The licensed sadism and institutionalized psychopathology of the concentration camps became, under this mythology, simply re-education.
p. 50
The intentional and gleeful gaslighting is one of the defining characteristics of the Trump Republicans. Even the Trump campaign slogan from 2016 is one giant gaslight: Make America Great Again. Surely that doesn’t refer to white supremacy. Of course not. Also, ref: Jim Jordan, Matt Gaetz, Ted Cruz, Donald Trump, really, pick any Republican; here’s a web search on Republican gaslighting to get you started.
What they [Nazis] craved was a nation of believers in the new order, ‘a new consensus of values’, they were not merely exploiting an existing value system but were surreptitiously replacing it.
p. 50
This is uncannily like the current process in which Fox News, OANN, Breitbart, The Blaze, Rush Limbaugh, Ann Coulter, etc., are enthusiastically engaged. Have you noticed how suddenly Republicans are staunch supporters of Russia? How all of a sudden foreign election interference is OK? How nepotism and sycophancy are the currency of the Republican administration? These are just current examples of supplanting recently-held beliefs. Plenty more have been subverted over several decades: separation of church and state is no longer an American virtue; honesty has been replaced by spin and outright lies; admission of error by bluster and bullying; decency by vulgarity and name-calling; fiscal conservancy by rampant, un.
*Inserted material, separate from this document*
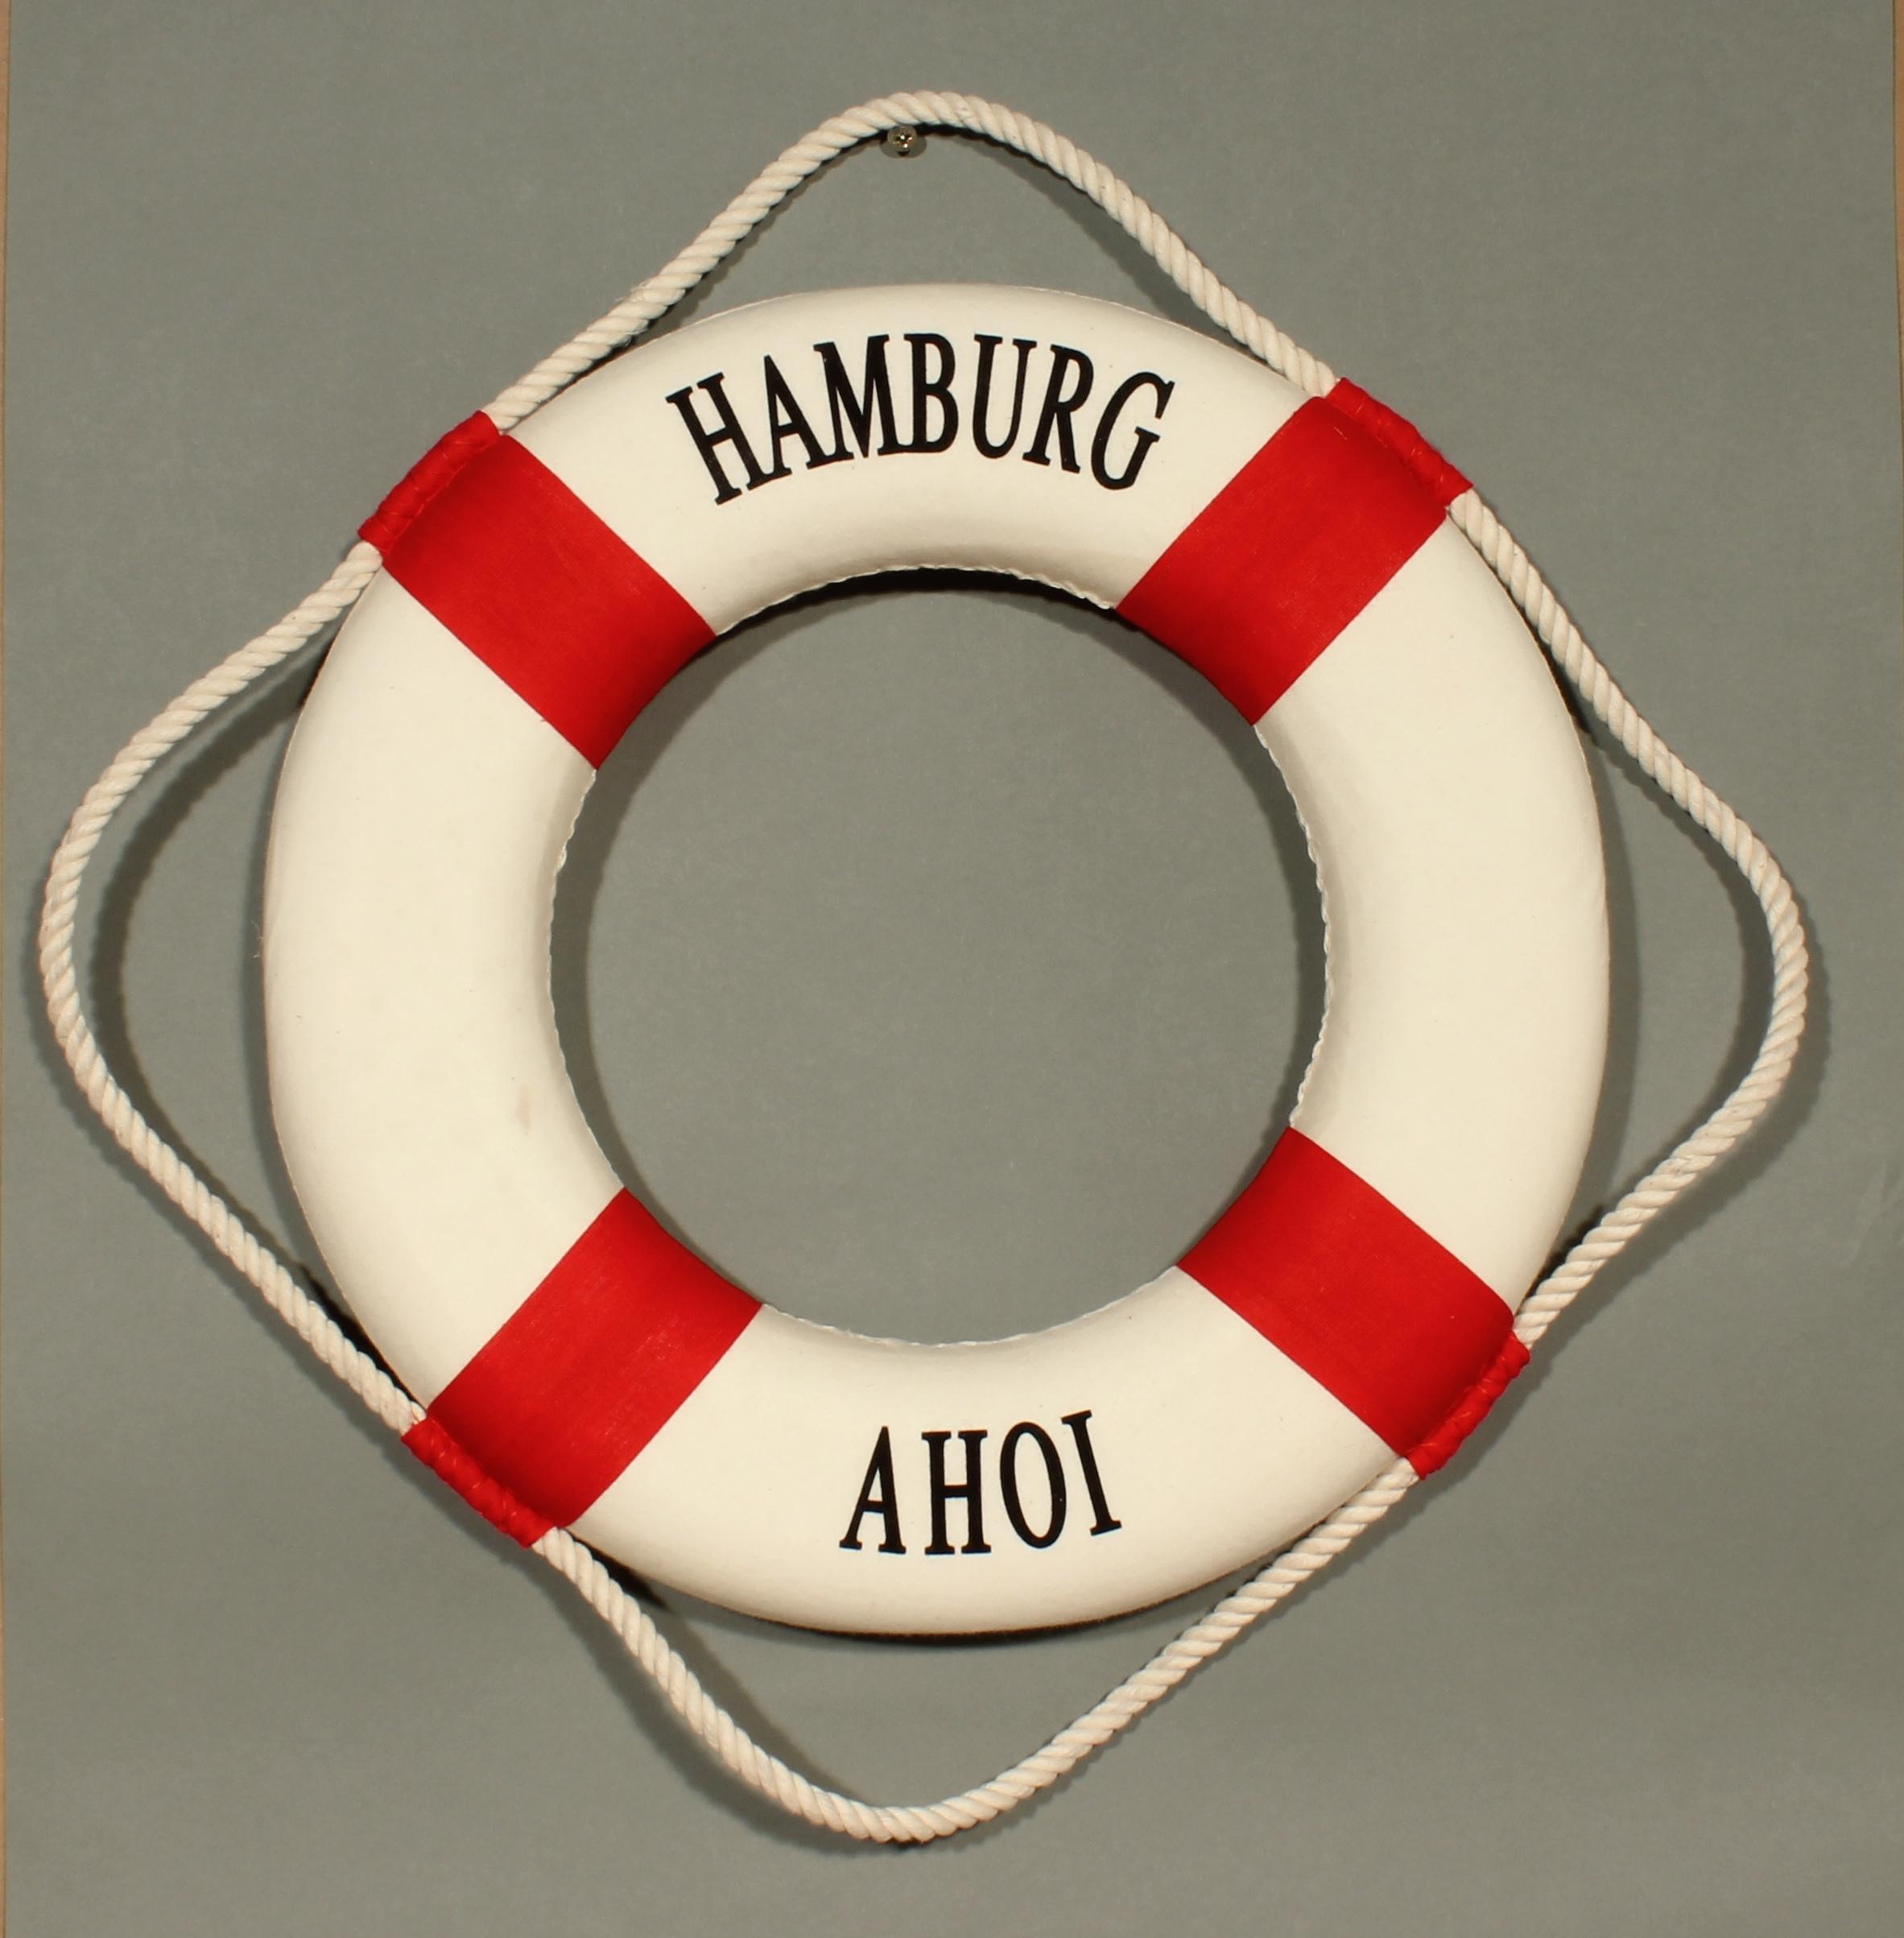 Rettungsring Deko Rot 15cm Hamburg Ahoi Wohnaccessoires

Whatever values rank-and-file Republicans stood for only a couple of decades ago have been supplanted by a steady stream of falsehoods. Go find some Dwight Eisenhower quotes, if you really want to see the evolution of Republican ideals from the 1950s to 2020s. It’s a hell of a trip.
The Second World War functioned on two levels for its participants: as a raw physical event, but also as a media event - as Ross had remarked, war had never before been so extensively communicated to civilian audiences.”